Nussle: CDFI Fund Failing to Provide Crucial Certification Information
Credit unions need clarity on process, Nussle tells Congress
Two months after the Treasury Department released a new Community Development Financial Institutions Fund certification application, department officials still have not provided prospective CDFIs with crucial information, America’s Credit Unions President/CEO Jim Nussle told members of Congress this week.
“While the fund provided flexibility, clarity, and many changes to ensure that organizations that should be able to certify can, not all issues have been addressed,” Nussle wrote to members of the House Financial Services Committee and the Senate Banking Committee.
Treasury Secretary Janet Yellen testified before the House committee on Tuesday and is scheduled to testify before the Senate committee on Thursday. The hearings are centered on the annual report of the Financial Stability Oversight Council and not the CDFI program. Yellen was not asked any questions on the CDFI program at Tuesday’s hearing.
Nonetheless, Nussle wrote members of the committees this week raising several issues, including problems with the CDFI program.

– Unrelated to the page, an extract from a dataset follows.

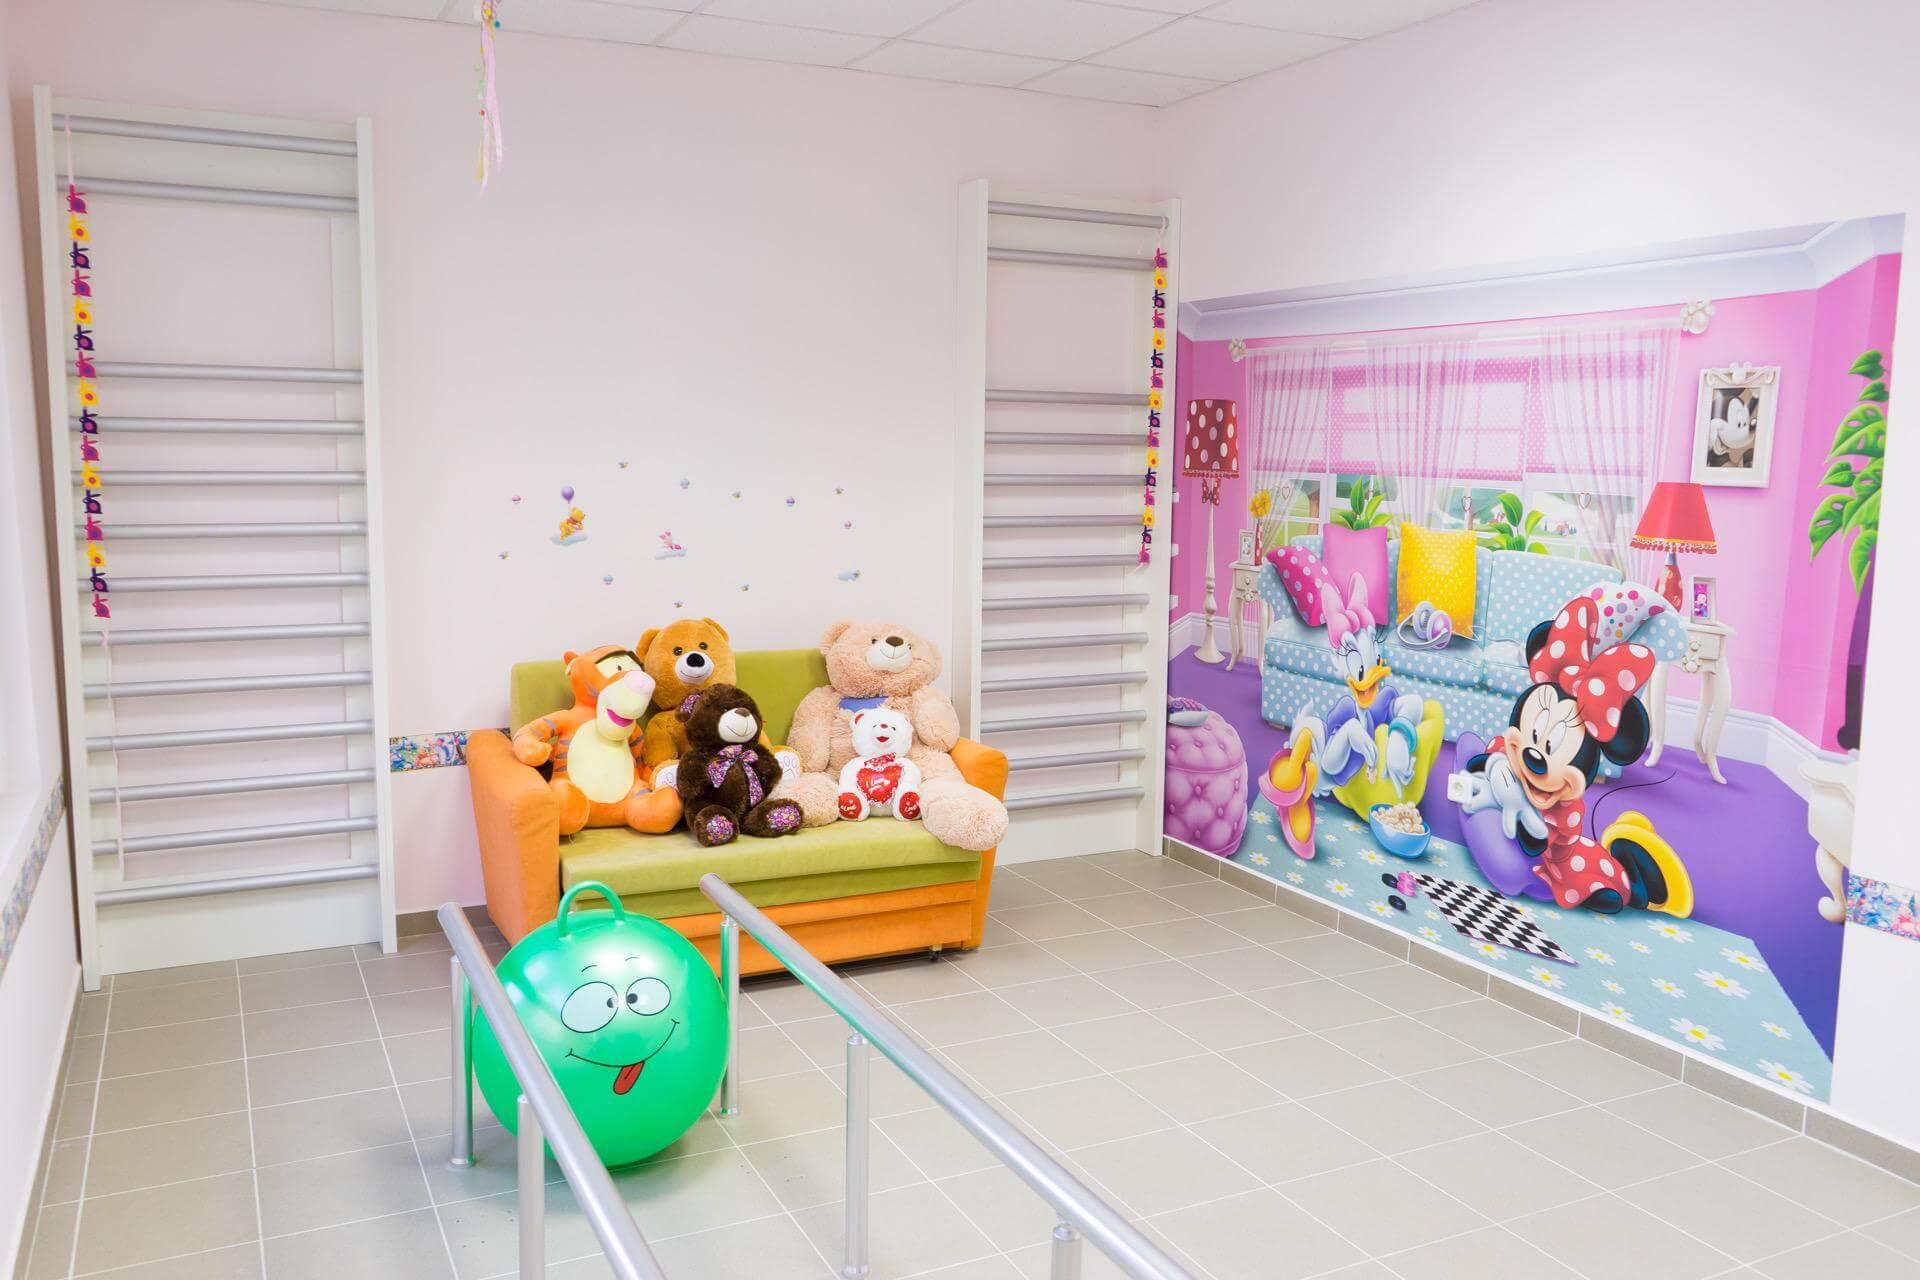 Протезиране на деца - детска рехабилитационна стая - Ортомедикс

The CDFI Fund released details about its new certification and application process in early December. Currently certified CDFIs will have until Dec. 20, 2024, to apply for recertification. Until then, they will maintain their eligibility for the program. Prospective CDFI’s will use the new application.
Nussle wrote that fund officials have not yet released the CDFI Certification Agreement that all institutions must sign in order to obtain certification. “This agreement absolutely must be read in order for organizations interested in certifying or recertifying to have a full understanding of the obligations associated with certification and the process that will happen should they fall out of compliance,” he wrote.
Nussle mentioned other issues that have not been addressed.
He wrote that the CDFI Fund’s Target Market Assessment Methodologies require collection of race and ethnicity data using Home Mortgage Disclosure Act procedures for CDFIs with certain target markets. He noted that credit unions have raised questions about the legality of that requirement and have asked the Treasury Department for assistance in explaining why that data is needed.
“Treasury has indicated that it would coordinate with the other financial regulators to provide clarity regarding the legal and compliance risk related to the information collection,” he wrote. “Treasury has also indicated it would consider providing additional support for this data collection.” However, he added, the CDFI Fund finalized the requirements for the data collection without offering any additional support.
Finally, he said, many credit unions are reporting delays of several weeks in receiving responses to questions from fund officials. He added that delays are inevitable when a new certification process is developed. However, he noted that the fund has required that more than 1,400 existing CDFIs apply for recertification between Aug. 1 and Dec. 20.
“Against this backdrop, existing delays of 3-4 weeks for response is a deeply concerning indicator of the Fund’s capacity to manage the coming workload,” Nussle wrote in his letter. He added that the CDFI Fund must be provided the resources needed to meet the needs of certifying and recertifying institutions.
The question of how much the CDFI program will receive this fiscal year remains unresolved, since Congress has not enacted FY24 funding levels.
In his FY24 budget, President Biden requested $341 million for the CDFI program. The Senate version of the bill calls for $334 million.
House appropriators called for $278.6 million in their version of the Financial Services funding measure. When that bill went to the full House floor, a group of House Republicans attempted to eliminate all funding for the CDFI program. That amendment failed, but the bill was pulled from consideration for reasons unrelated to the CDFI program.